=== Section Start ===

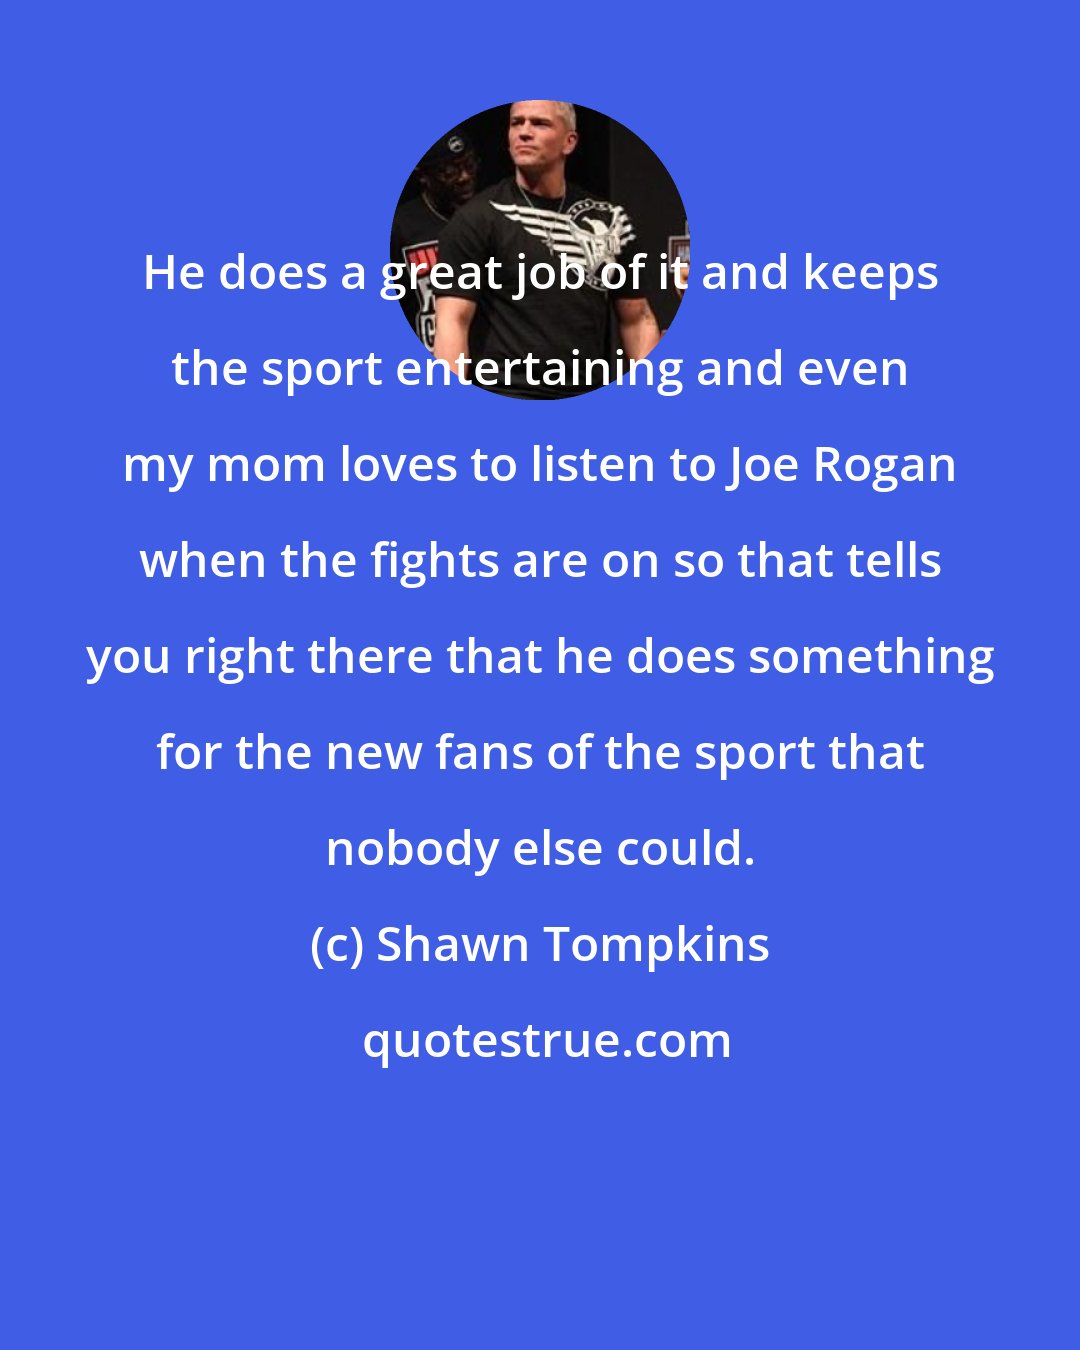 Shawn Tompkins: He does a great job of it and keeps the sport entertaining and even my mom loves to listen to Joe Rogan when the fights are on so that tells you right there that he does something for the new fans of the sport that nobody else could.
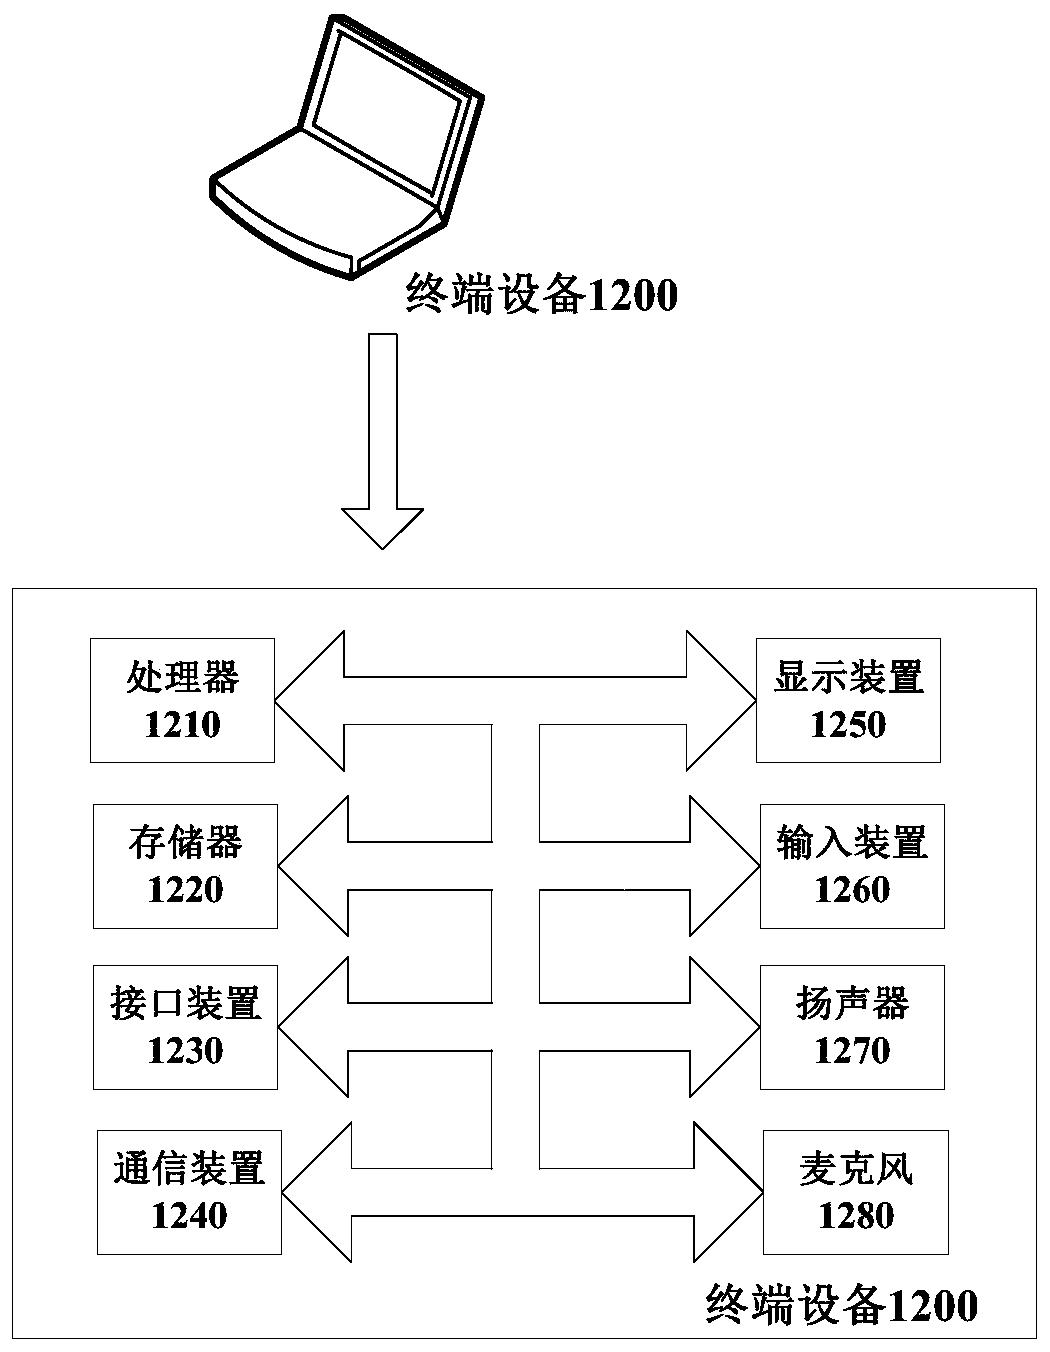 Personnel scheduling method and computer equipment
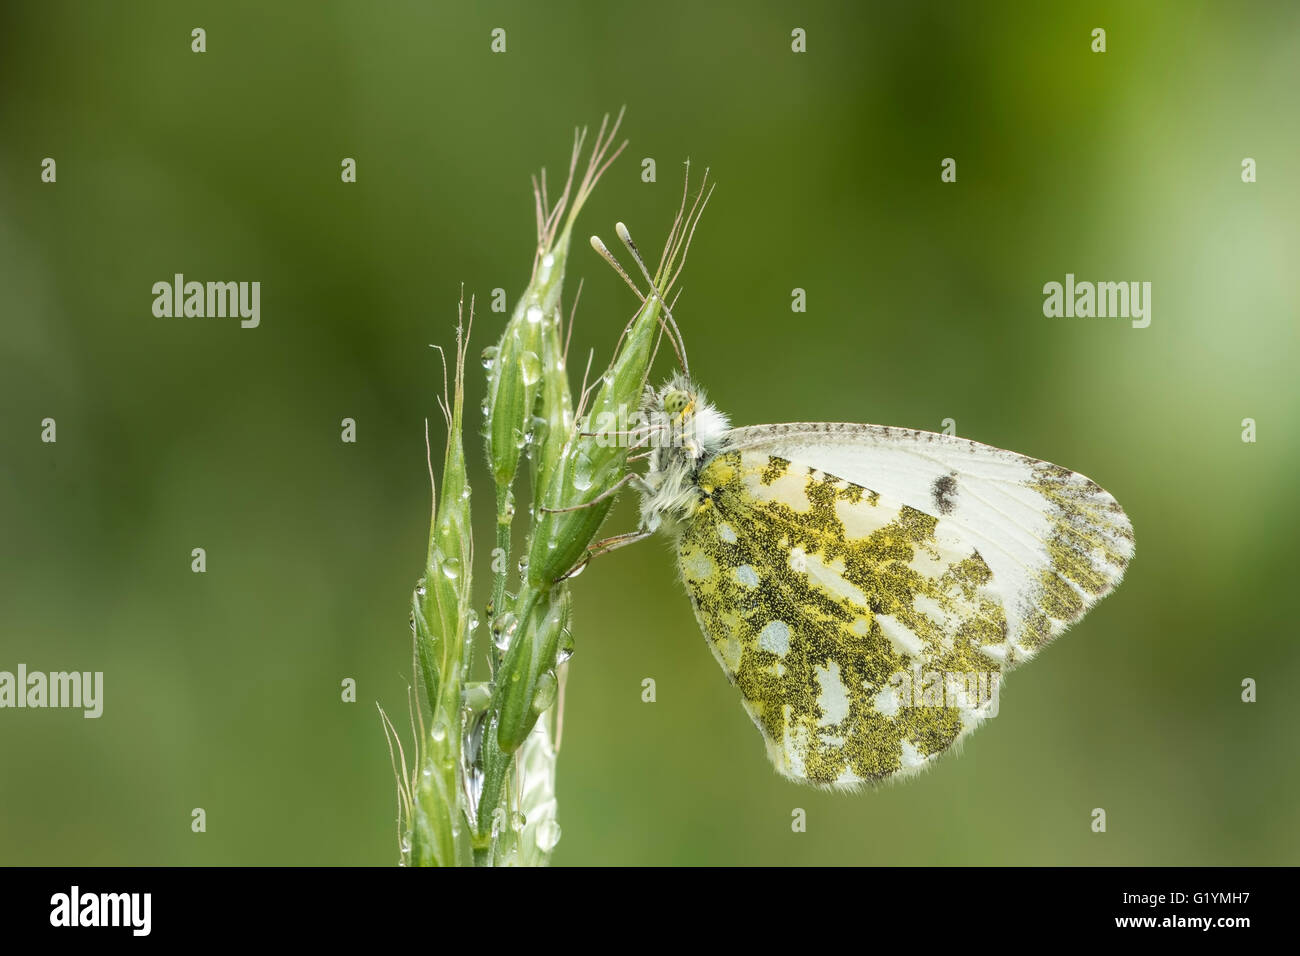 Side view close-up of a Female Orange tip butterfly (anthocharis cardamines) resting in a meadow during spring season Stock Photo
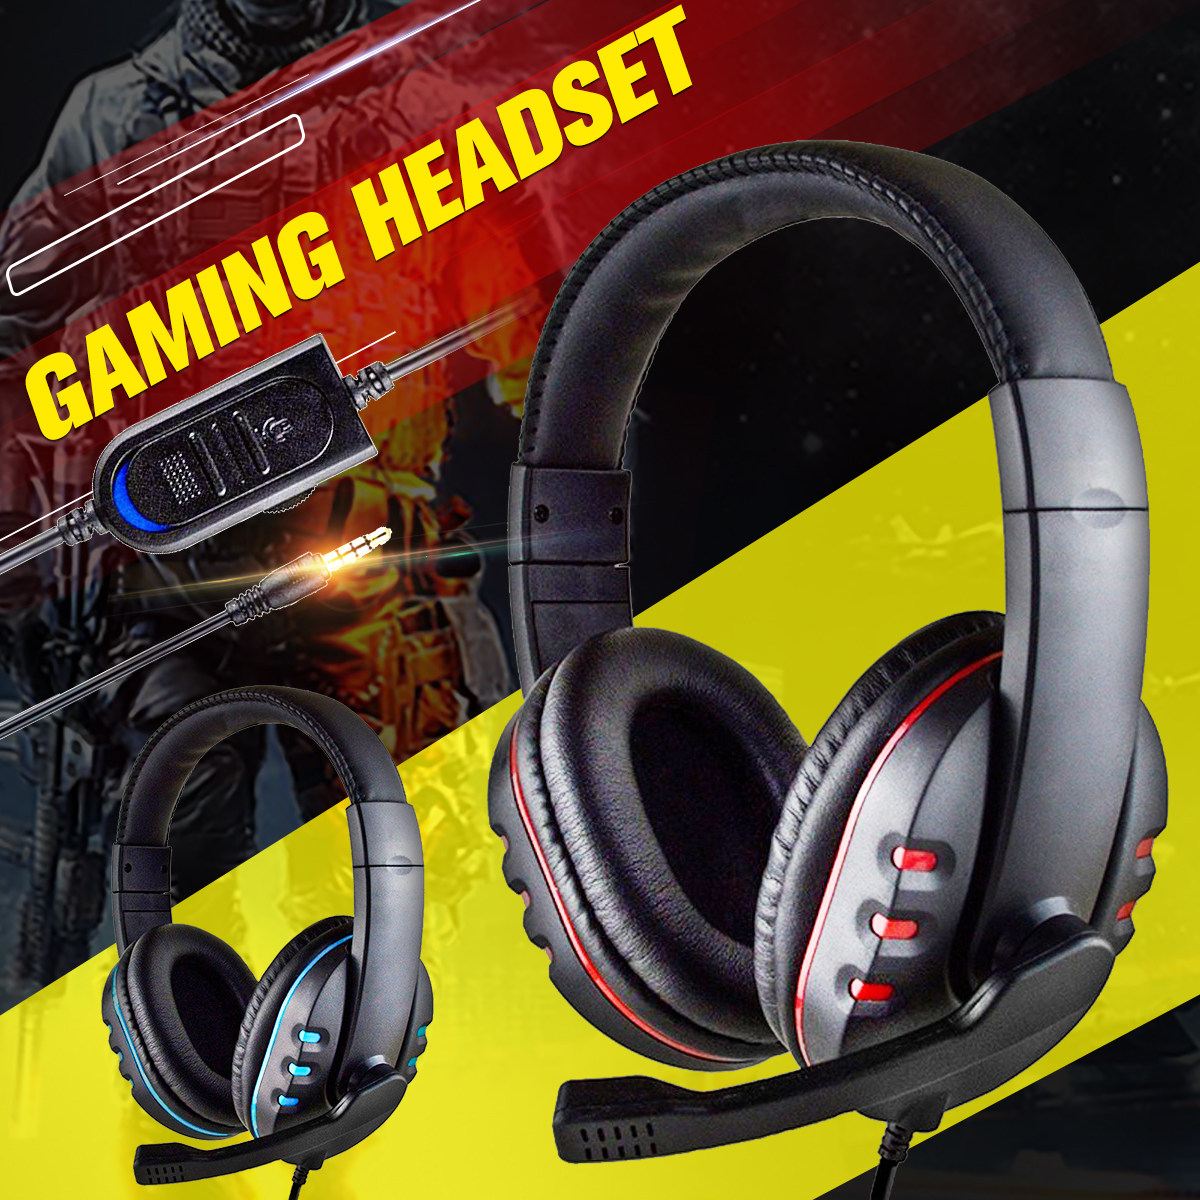 Portable-Gaming-Headset-35mm-Stereo-Surround-Gamer-Wired-Headphone-With-Mic-for-PC-Computer-PS4-Xbox-1699413-1
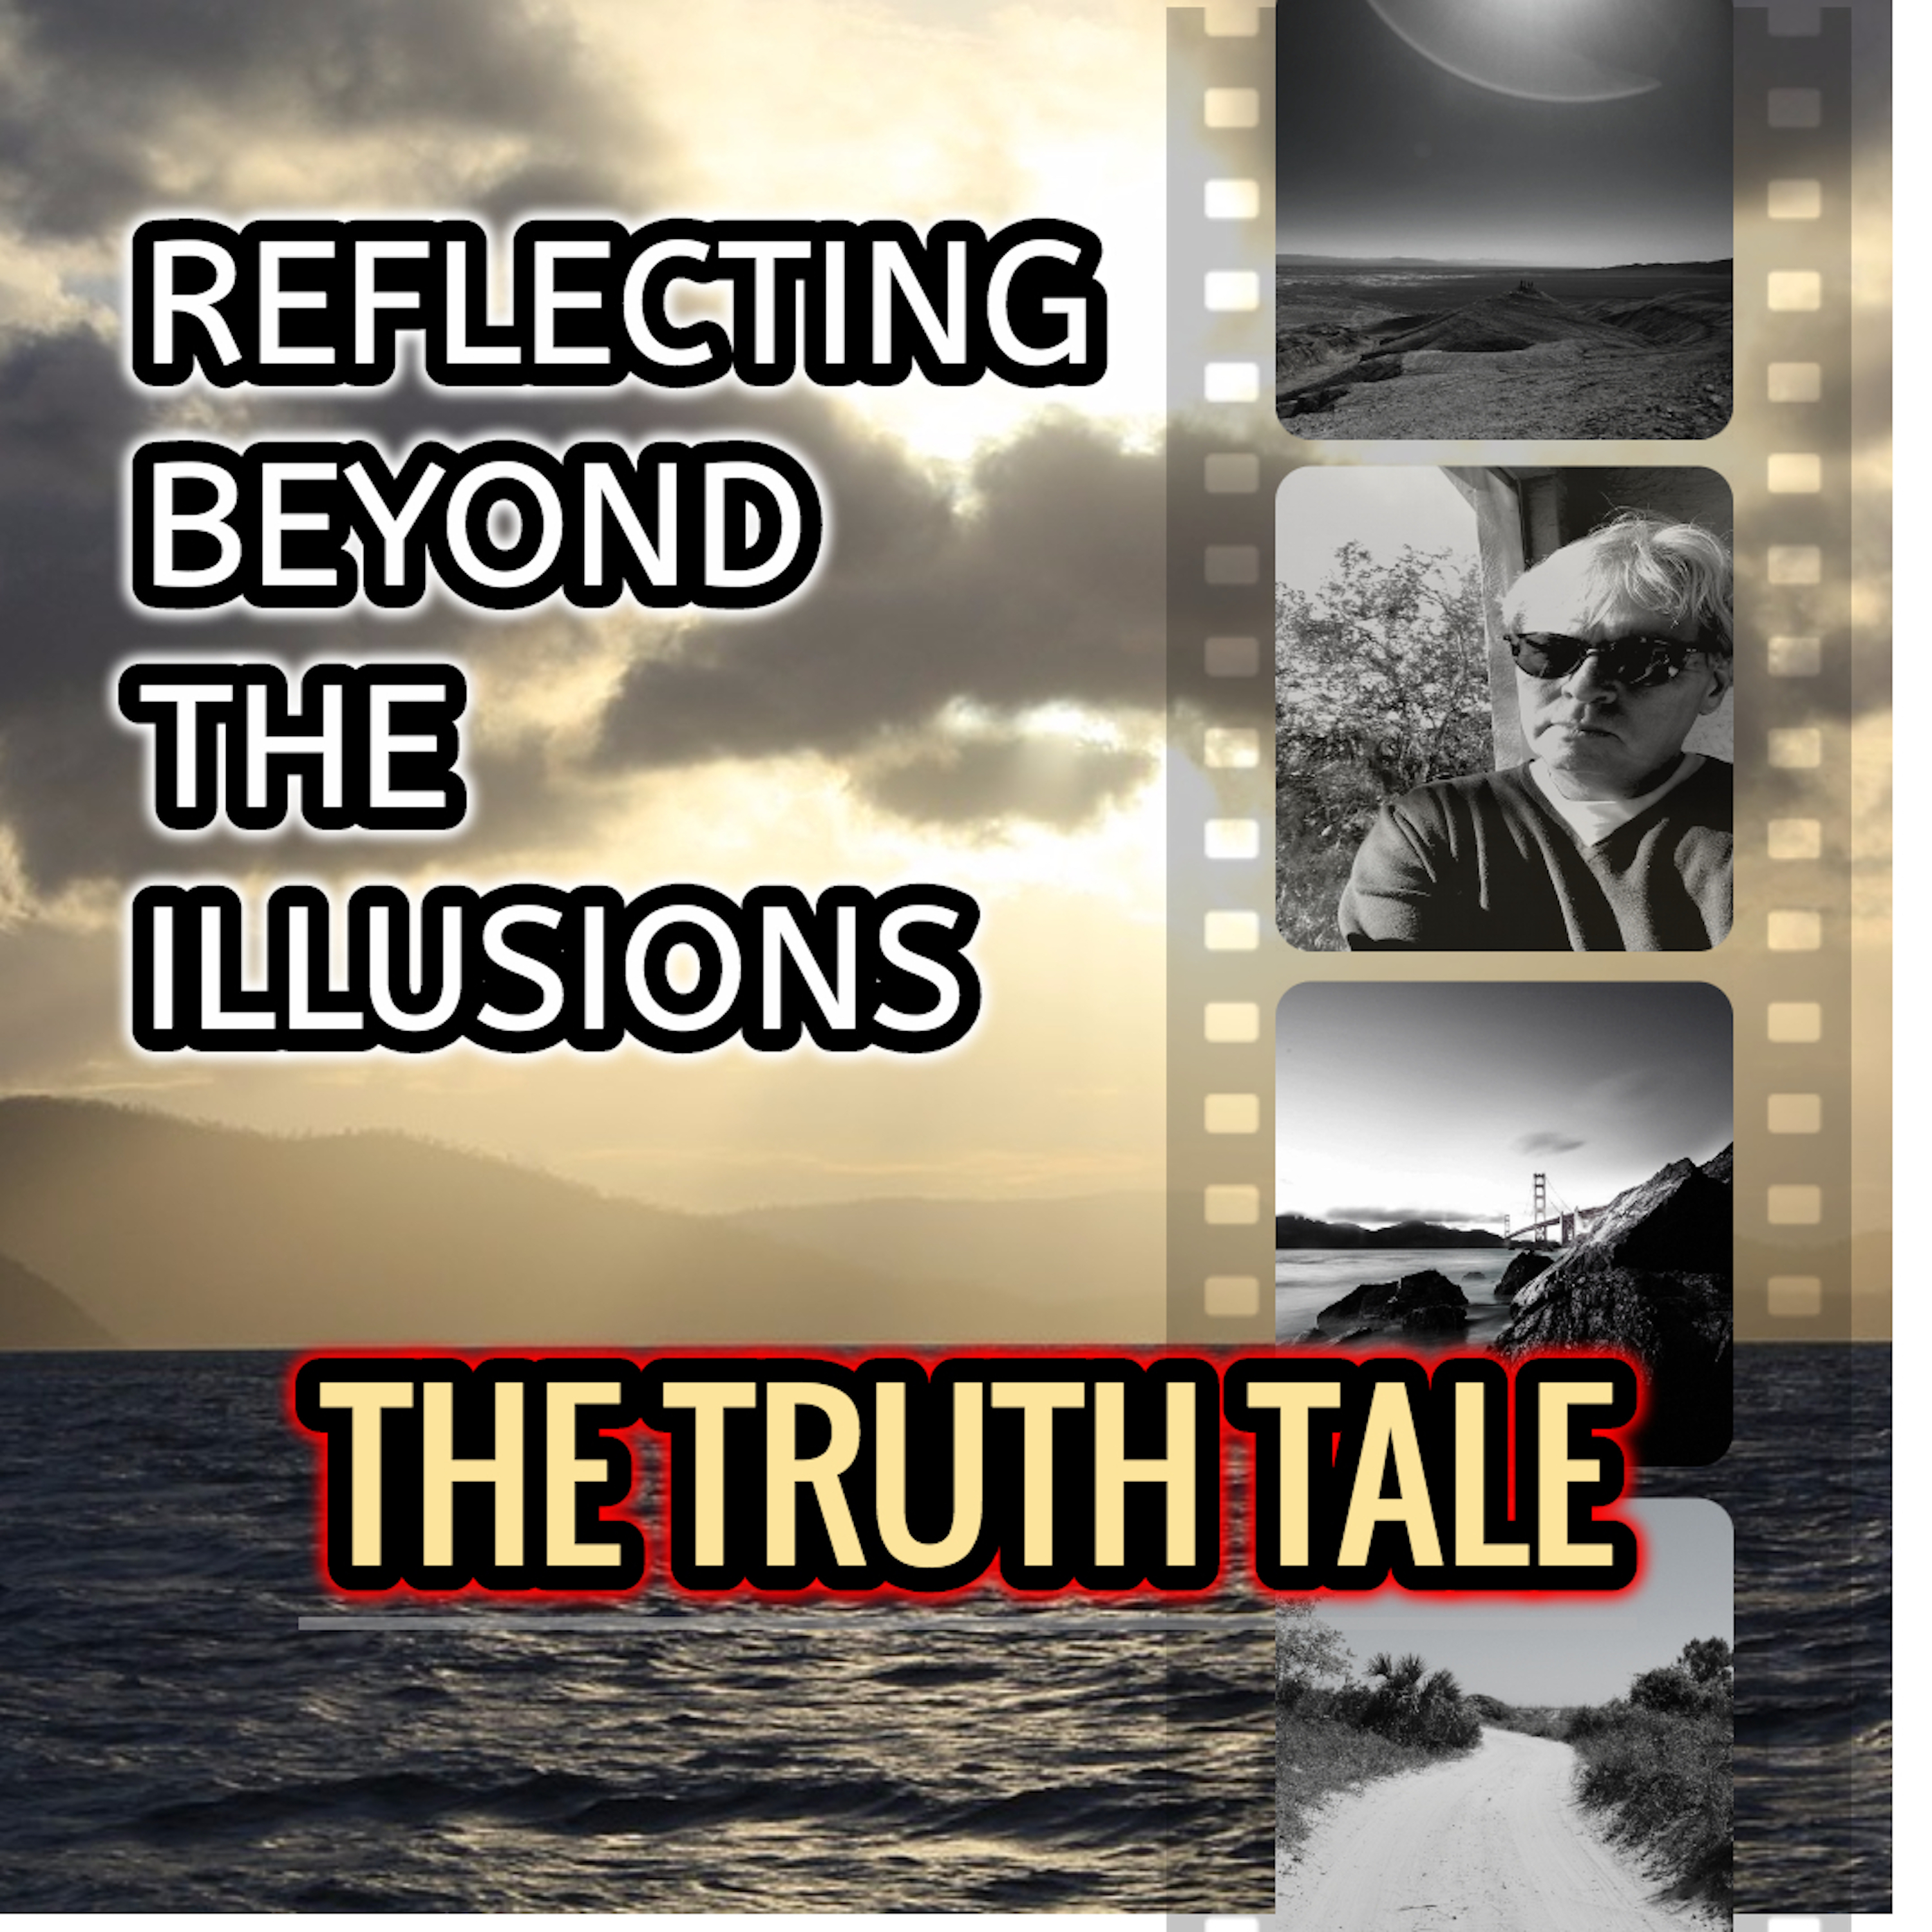 Press Release: New Album Release – Reflecting Beyond the Illusions by The Truth Tale

=== Section End ===

# What to produce
Restate each of the entries above word for word and skip every image.

# Output
 Shawn Tompkins: He does a great job of it and keeps the sport entertaining and even my mom loves to listen to Joe Rogan when the fights are on so that tells you right there that he does something for the new fans of the sport that nobody else could.
 Personnel scheduling method and computer equipment
 Side view close-up of a Female Orange tip butterfly (anthocharis cardamines) resting in a meadow during spring season Stock Photo
 Portable-Gaming-Headset-35mm-Stereo-Surround-Gamer-Wired-Headphone-With-Mic-for-PC-Computer-PS4-Xbox-1699413-1
 Press Release: New Album Release – Reflecting Beyond the Illusions by The Truth Tale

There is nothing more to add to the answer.